• [Stored data]:
===============
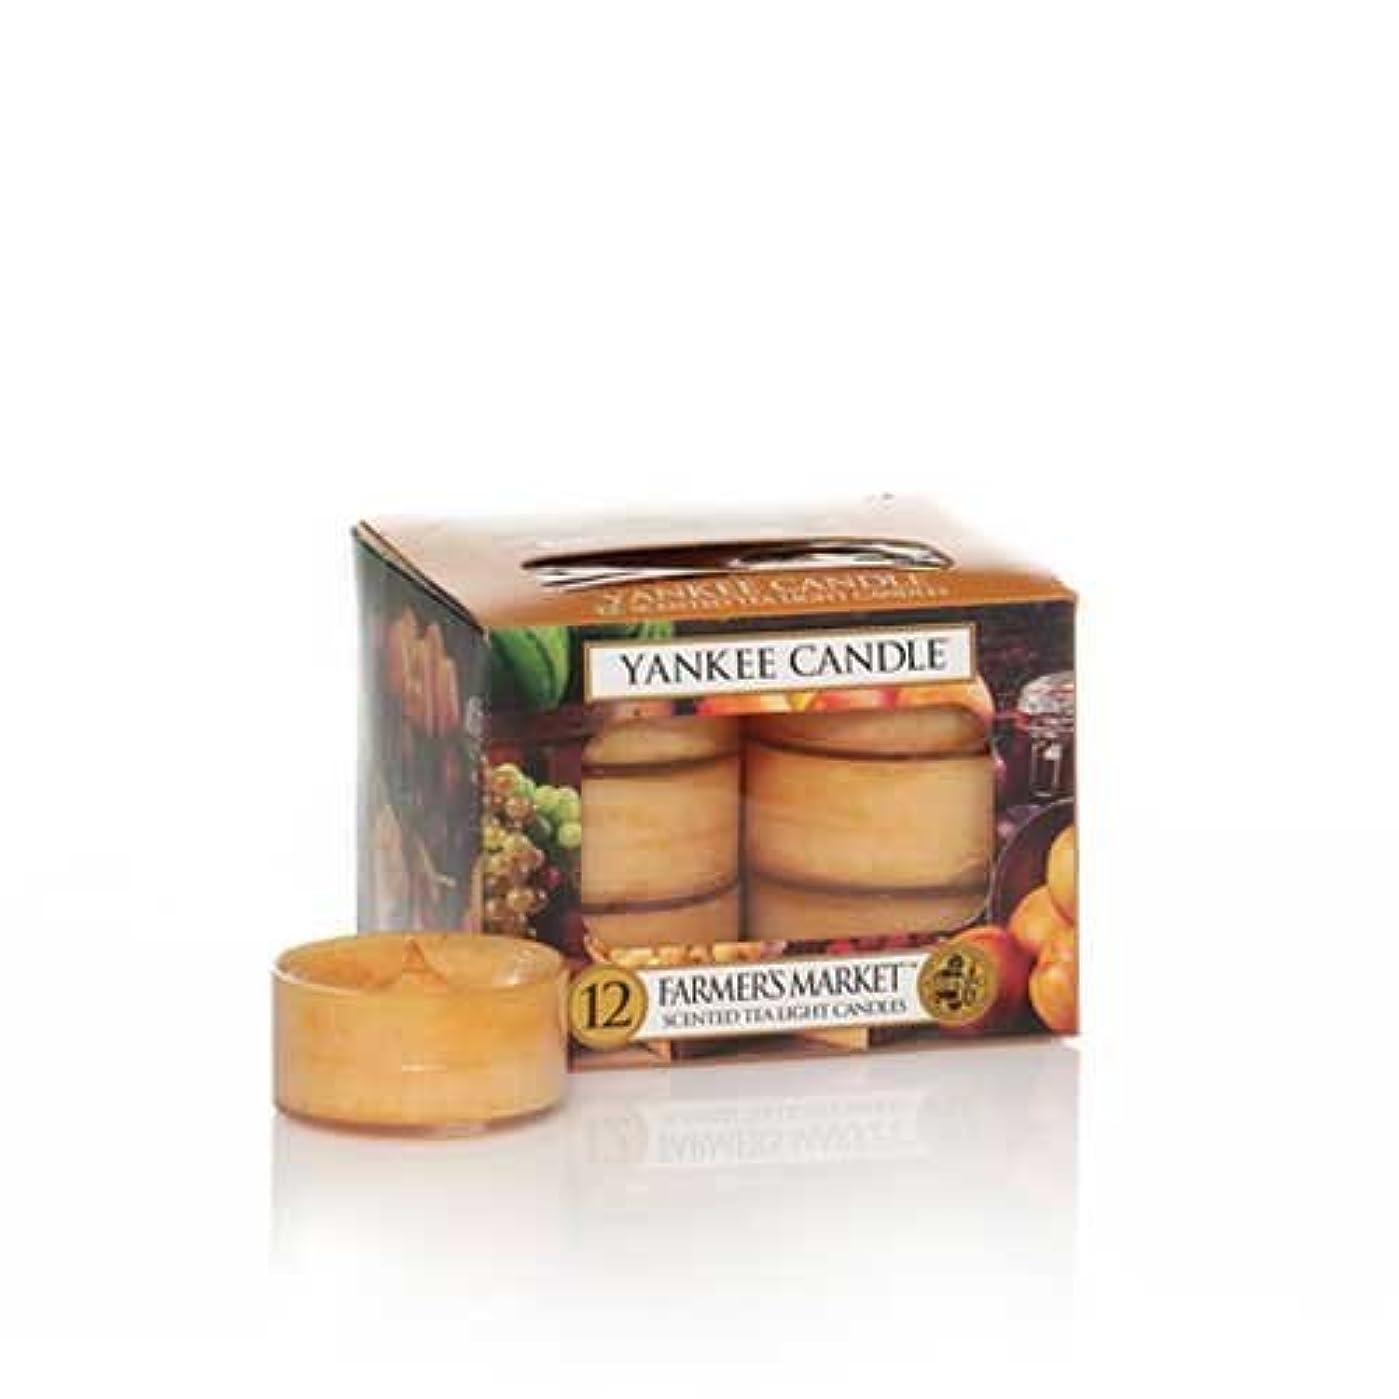 落胆するタヒチ乳製品Yankee Candle Farmer 's Market, Food & Spice香り Tea Light Candles オレンジ 1163587-YC
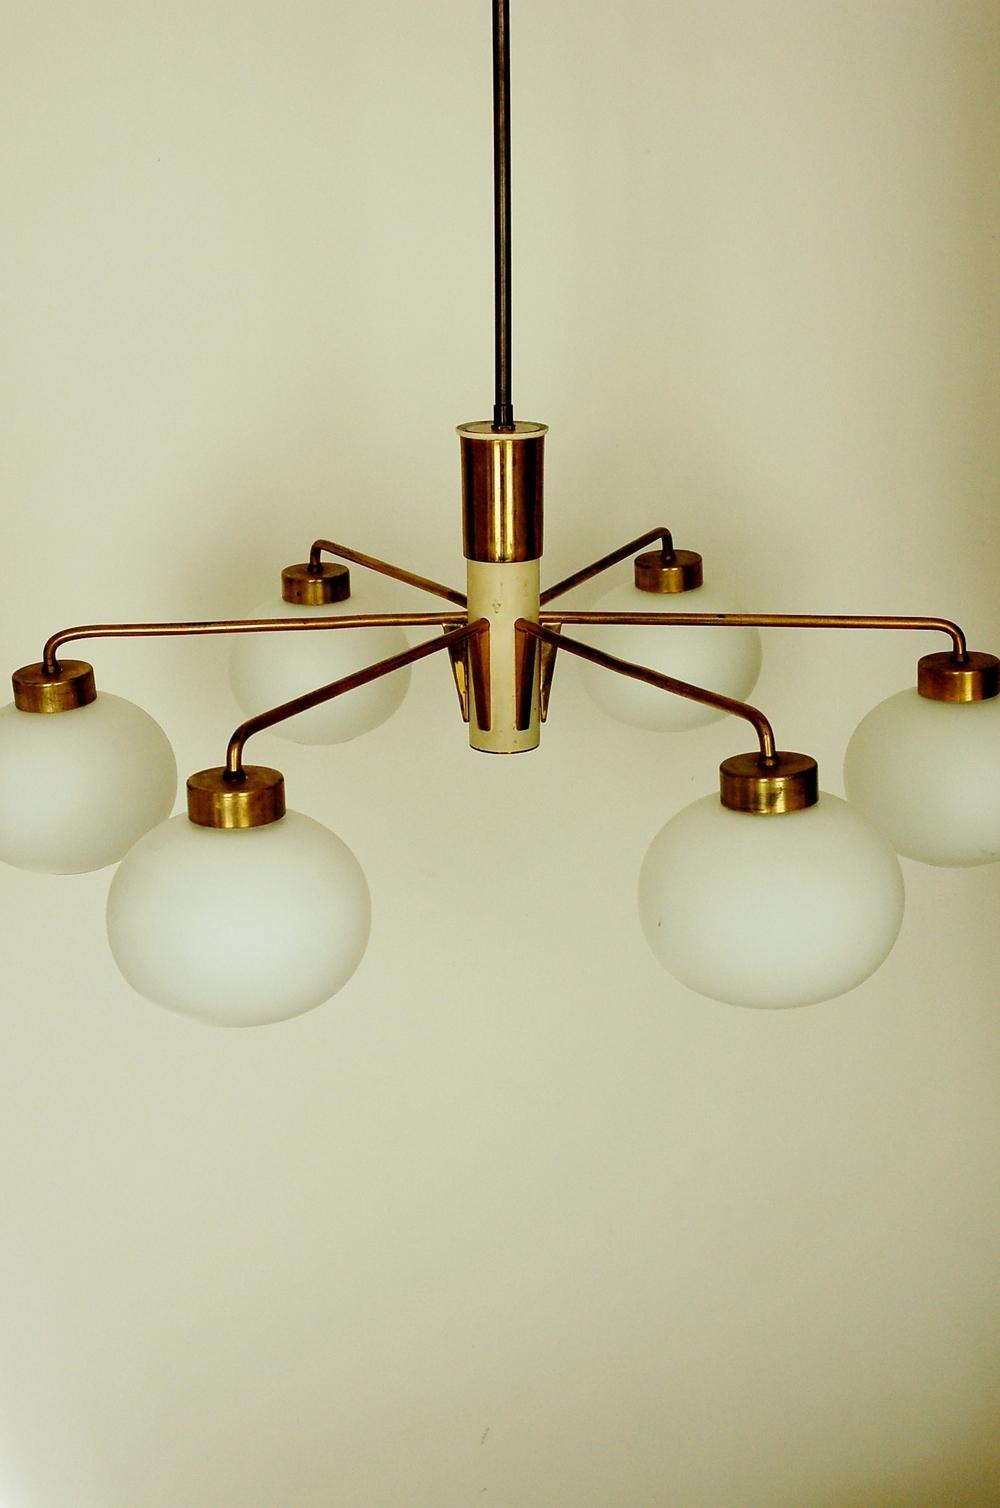 Osi Modern retro modernist stilnovo light lamp 002.JPG
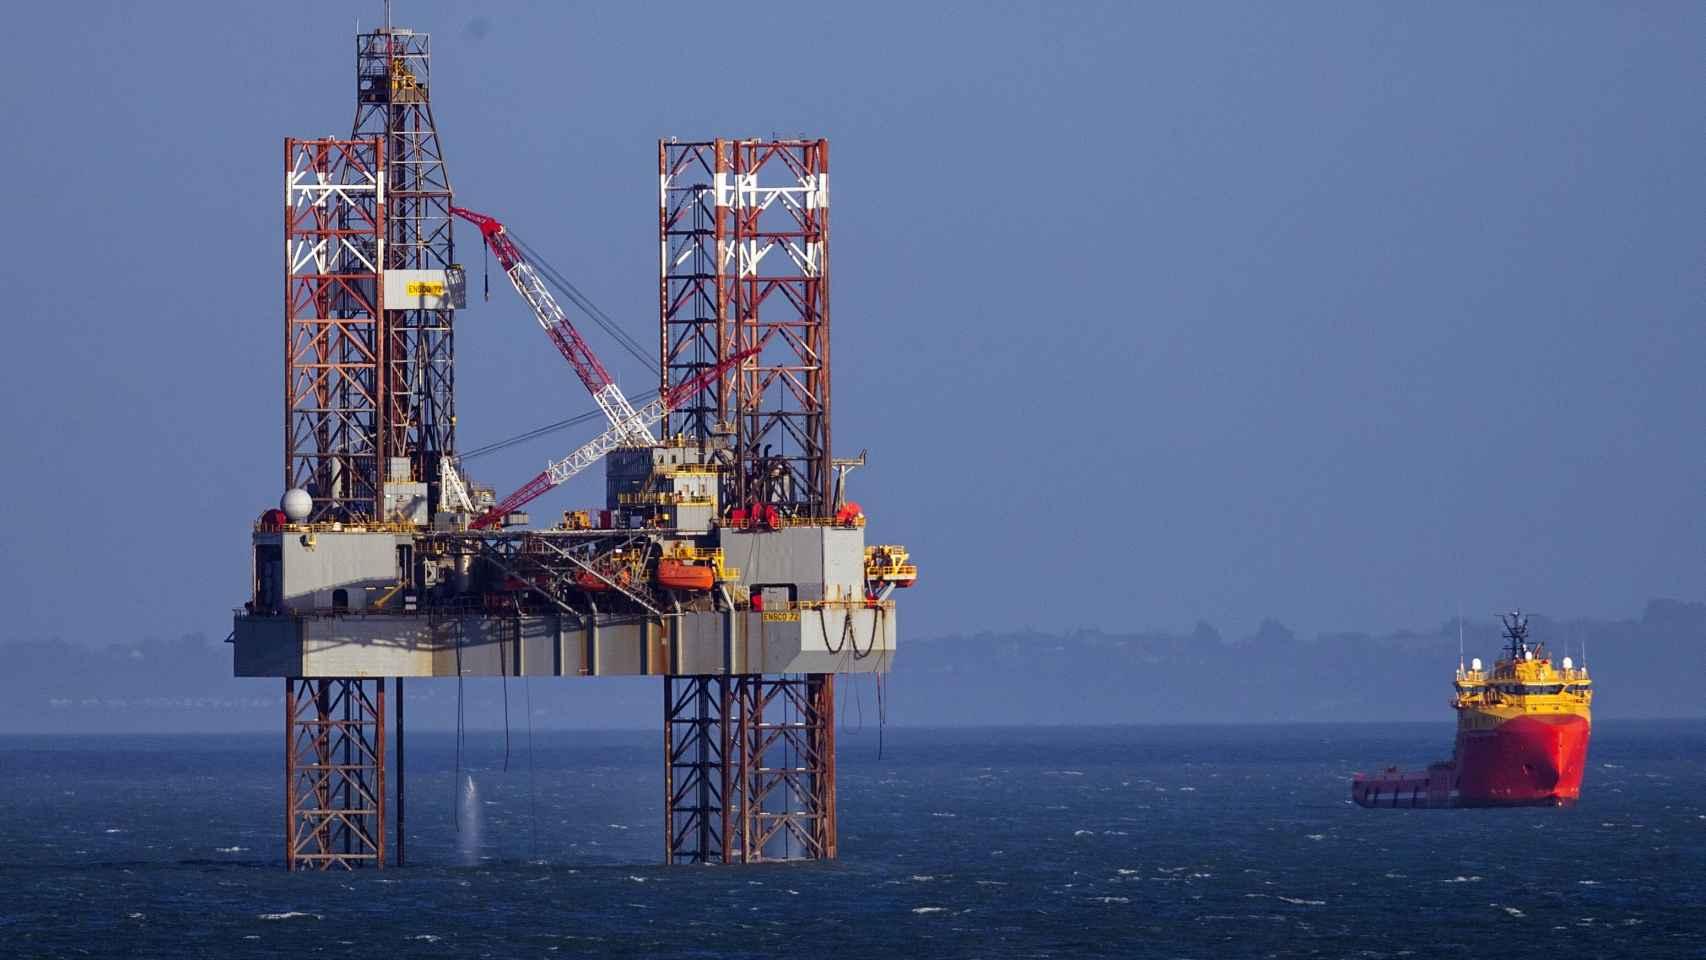 Estación marítima de extracción de petróleo.
===============
• [How to complete this task]: Each line of the data must be transcribed exactly; pictures are not carried over.

• [Answer for this exercise]:
 落胆するタヒチ乳製品Yankee Candle Farmer 's Market, Food & Spice香り Tea Light Candles オレンジ 1163587-YC
 Osi Modern retro modernist stilnovo light lamp 002.JPG
 Estación marítima de extracción de petróleo.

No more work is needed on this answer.